Heritage: Going to sound like hyperbole but so be it. Second best build quality behind the Collings, second best tone to the vintage gibbie, best playability and brand new to me. Honestly, it’s the best guitar I own (including Martins, PRS, Fender etc), and one of the best I’ve ever played period. Since buying it earlier this summer, it’s really the only guitar I play! Happy my search is over, this is an heirloom instrument. Helps that the guys at Heritage are great to work and deal worth. The best modern 335 on the market for tone and playability, in my humble opinion.
Spent over £15k finding the right one, but it was worth it
Speaking out of my experience, ES-335 type guitars are the most "difficult" guitars you can buy bar none.
When you find The One, it is a sublime tonal experience, unrivaled by any other solid body or hollow body guitar. The problem in my experience is that the variance among them is so great that I would warmly recommend NOT to buy one online, and NOT to order one built to your specs, regardless of which maker you choose to go with.
Specifically, your points of attention are:
- Playability: neck shape is certainly one of the main factors, but so is neck stiffness as well.
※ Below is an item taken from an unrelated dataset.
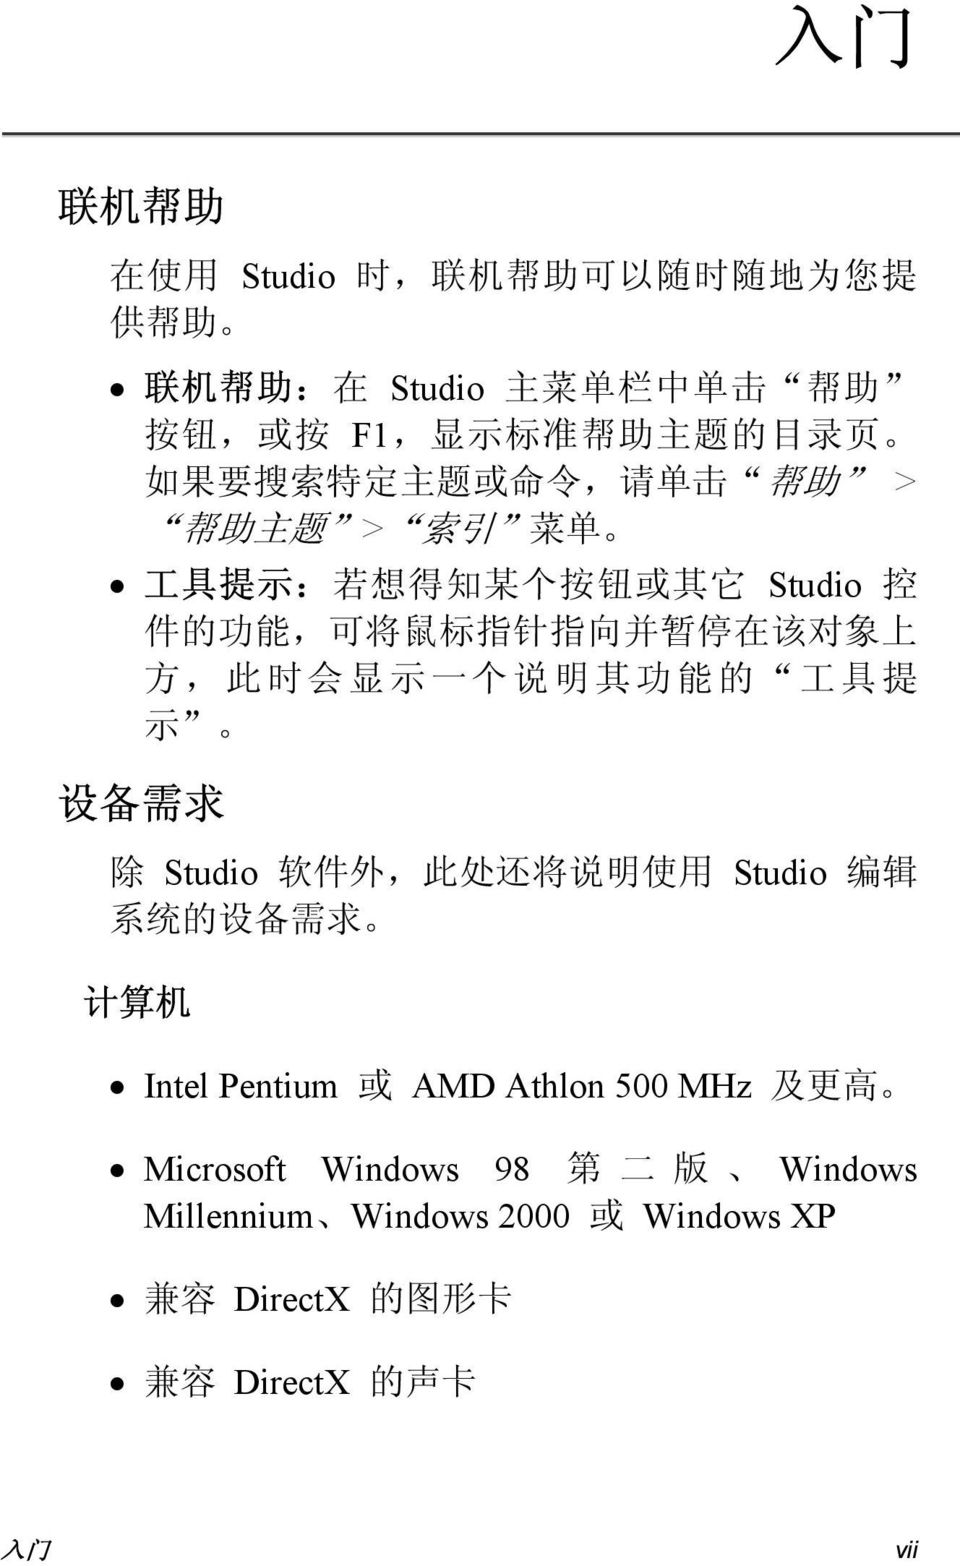 上 方, 此 时 会 显 示 一 个 说 明 其 功 能 的 工 具 提 示 设 备 需 求 除 Studio 软 件 外, 此 处 还 将 说 明 使 用 Studio 编 辑 系 统 的 设 备 需 求 计 算 机 Intel Pentium 或 AMD

Two necks with exactly the same thickness and shape can play radically different, and some ES-335 are notoriously hard to play.
- Resonance: we all love a super resonant guitar, it seems like a no brainer. Not so much with semi-hollow guitars. Great acoustic resonance means greater probability of having dead spots caused by phase cancellations, and believe me, a dead upper A or G note on the G string's 14th or 12th fret will kill the playing experience for you.
- Weight: semi-hollow does not equal comfortable, lightweight. Many ES-335s are in the 9+ lbs range, and make a LP feel like a Parker Fly. I am not debating the tonal merits of light vs heavy weight, rather just the playing experience of holding a large, heavy guitar for extended periods of time.
- Pickups: the ES-335 has clearly a stronger acoustic voice compared to a solid body, so be careful on your choice of pickups. Yes, a lower output PAF wind with a touch of microphonic sounds like a sensible choice, but it will feedback more easily and it will sound "wimpier" on those clean tones. Believe it or not, I have listened to great, very righteous ES-335 tones courtesy of a DiMarzio ToneZone, pretty much one of the most bass-heavy, high gain pickups you can buy!
So, and this might sound controversial to some, buying a ES-335 sight unseen, however reputable the builder, is not a good idea. Custom Shop ES-335 59 reissues, Collings I-35s, Heritage, and many other smaller builder ES-335 style guitars are beautiful, well built, any superlative you can think of.
Will all of them consistently sound and play great? Not necessarily. Can you expect the same variance between dogs and golden ones among them as you would with a solid body guitar of equal stature? No. Semi-hollow guitars are more "complex", in construction and tone.
So, in practice, what I recommend is to choose among as many instruments in stock that you can find, and always play before you buy. Recent production, mid-90s to today, Made in USA (as opposed to strictly Custom Shop) ES-335s are plentiful, good value, and you can definitely find the proverbial diamond in the rough among them.
Higher end ones, you generally get what you pay for, but here again, play them first.
I play my I-35lc through solid state amps such as Quilter and Polytone and it sounds great.Collings I-35 hands down. No Question. Your money will go light years further in terms of build quality, and also sound...assuming you have a good quality tube amp. If you compare an I-35 and a Gibson 335 playing through a $22 Mini Amp, some clown can say the Gibson sounds better all day long, and have half a chance at appearing to be right - they'll both sound like garbage.